NARRATOR: One last job and Keith was out. The year was 2004. He had spent seven years living in fear. Fear for his life, and for those of his loved ones. The trauma he sustained during that time would stay with him forever. That was the price he paid to furnish the US government with some of the names, contacts, and bank accounts that enabled the cartel to rake in billions of dollars a year. But look around. Turn on the news. Drugs are still being sold and consumed in vast quantities. In 2020, Oregon became the first US state to decriminalize the possession of cocaine. Is this a war that any spy - willing or otherwise - could hope to win? Was it worth it? Well, that’s a matter of perspective. What’s yours? Several years later, Keith wrote a book about his experiences. It’s called Undercover: A Novel of a Life. 

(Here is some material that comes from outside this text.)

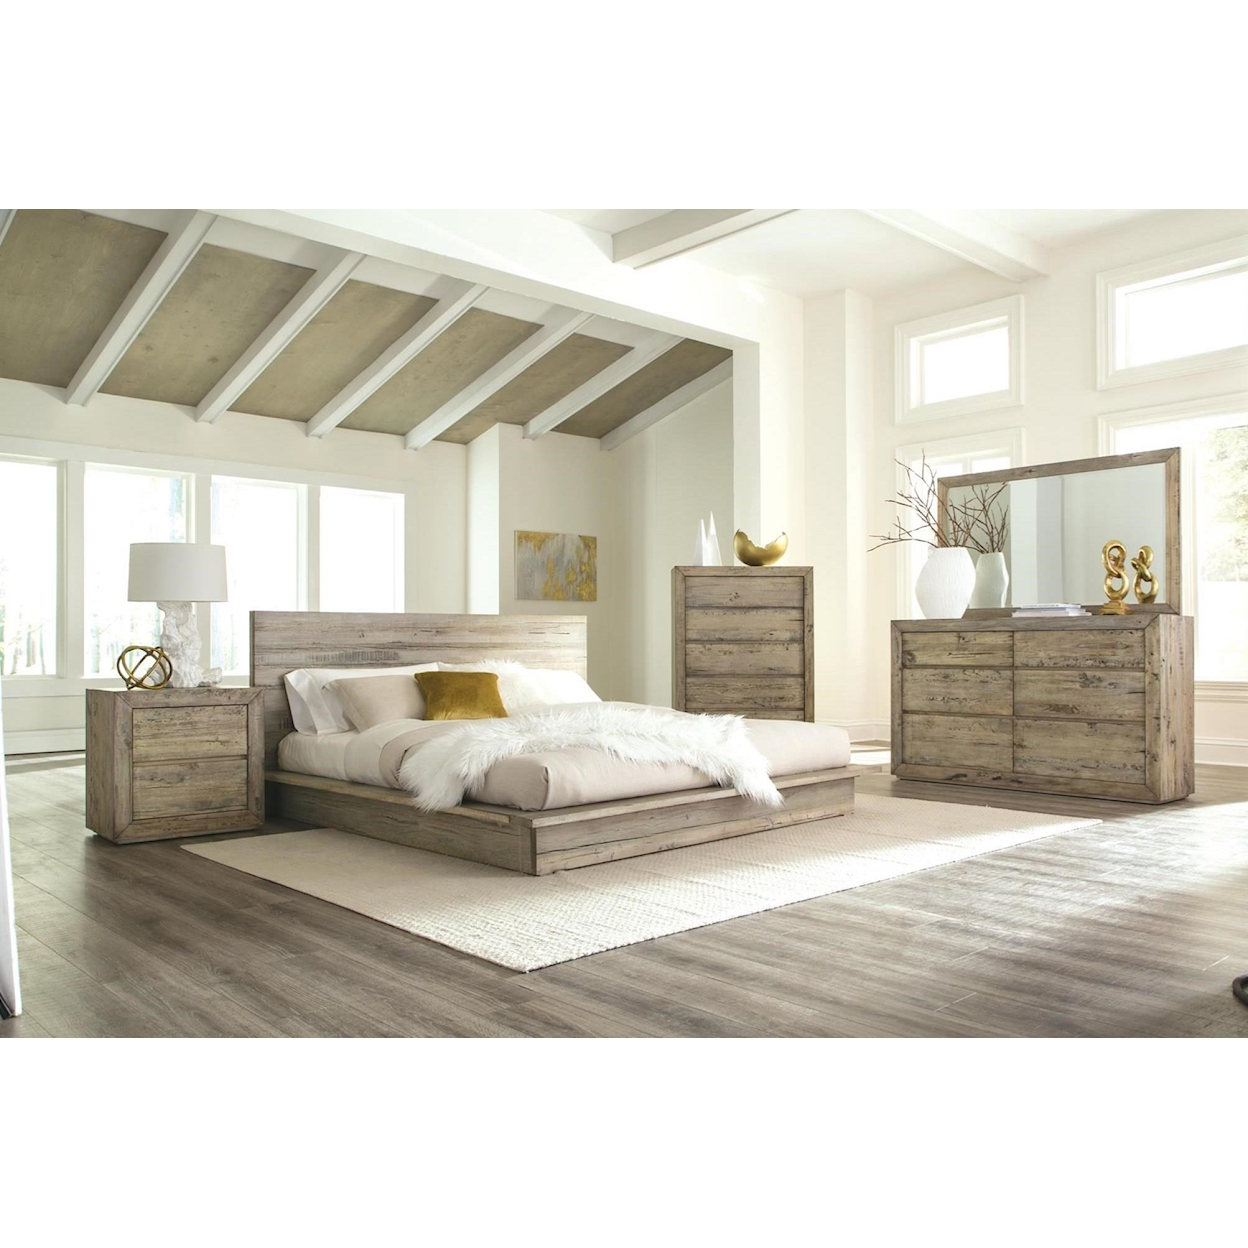 Napa Furniture Design Renewal 6-Drawer Dresser

KEITH BULFIN: For legal reasons, and to appease the DEA, it’s marketed as fiction. I had to make it fiction and then change a lot of names, which I've done. But they weren't happy. I can assure you. But they allowed it through. So yeah, interesting. There were a few annoyed people, to be honest. And when 60 Minutes and all the television documentary teams interviewed me and read the book, they all came to the conclusion: "This is a true story. I mean, this is..." And I kept smiling. Didn't respond to that. 

NARRATOR: For the purposes of this podcast, some names have been changed. But Keith assures us that everything you’ve heard today is true. Today, he undertakes forensic financial investigations for private clients. After all, nobody knows the game better than he does.

KEITH BULFIN: I carry out investigations for various people who have lost money. They contact me and I help them find it.

NARRATOR: I’m Vanessa Kirby. We all have valuable spy skills, and our experts are here to help you discover yours. Get an authentic assessment of your spy skills, created by a former Head of Training at British Intelligence, now at SPYSCAPE.com.

Guest Bio

Keith Bulfin is a New Zealander who has worked in the UK and South African finance industry. Working in the Australian investment banking industry in the 1980s, he pleaded guilty to conspiracy to defraud and spent three years in a supermax prison. While there, he met two Mexican fugitives and their friendship led to his recruitment by US intelligence to operate a covert banking operation for the Mexican drug cartels.